[This post is the third in a series of posts on the issues involved with terminating a relationship with an attorney.]
As noted in previous posts on this subject, the reasons for breaking up with an attorney can be many. Sometimes it is a breakup within the law firm or the retirement of a key partner that has precipitated the decision to move files to another firm. Or it could be poor communications or even just bad lawyering.
Often times, though, the reason for the decision to move files to another attorney is money. In fact, it may even be a large disputed bill that precipitated the decision to transfer a particular file as well as other files the lawyer has to another lawyer.
Unfortunately, attorneys may have the upper hand (at least for the moment) on this issue on the issue of payment of disputed legal fees before files can be transferred. This is because many states allow attorneys to declare a “retaining” or “charging” lien on all client property they have in their possession to secure payment of their legal bills.

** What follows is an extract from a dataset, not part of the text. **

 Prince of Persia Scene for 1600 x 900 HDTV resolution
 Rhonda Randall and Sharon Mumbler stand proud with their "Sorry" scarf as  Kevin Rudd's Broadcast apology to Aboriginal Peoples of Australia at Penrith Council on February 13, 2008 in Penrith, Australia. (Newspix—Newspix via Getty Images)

As noted in a prior post, the client’s file is considered as the client’s property – to the extent that the client has paid for the property – and attorneys have an ethical obligation to return all client property upon termination of the relationship. See RPC 1.16(d). However, there is a quirk in the law here that tends to favor attorneys and trump the ethics of the profession. This quirk is that attorneys may assert a “lien” on all of the client’s property in the possession of the attorney until all fees are paid. Thus it is that even though a client many have paid for 95% of what is in the file, the attorney may legally retain all the file until all fees are paid although some courts do provide for some limited exceptions to this.
Of course, the client can always choose to litigate the disputed fees. But that takes time and time means more money. Thus, most clients usually wind up submitting to this form of legalized extortion in order to get their files into the hands of another lawyer.
However, there is a saving grace for clients. The saving grace here for clients is that agreeing to pay disputed fees does not affect the right to subsequently challenge the lawyer’s fees at later date. See ABA Annotated Model Rules of Prof. Conduct (7th ed. 2011), Comments to RPC 1.5 (Fees) at p. 74, Review Always Available (“No matter what the client has agreed to. . .”). Thus, where time is a factor, it might be more prudent to pay the disputed legal fees under a reservation of rights and then pursue the attorney for the disputed charges at a later time.
Breaking-up is never an easy thing to do whether it involves a personal or business relationship. And just as it is a good idea for married couples to have a pre-nup agreement, it is also a good idea to have “pre-nup” language in your assignment letter with counsel that addresses and clarifies what specifically is to be done (and who pays for what costs) if assigned files are transferred to another lawyer. The assignment letter should also most importantly contain language that requires the attorneys to agree to not assert a “lien” on the file if the file is later transferred to another attorney. Of course, litigation and billing guidelines should also address this point. Unfortunately, no guidelines that I have ever read address this point.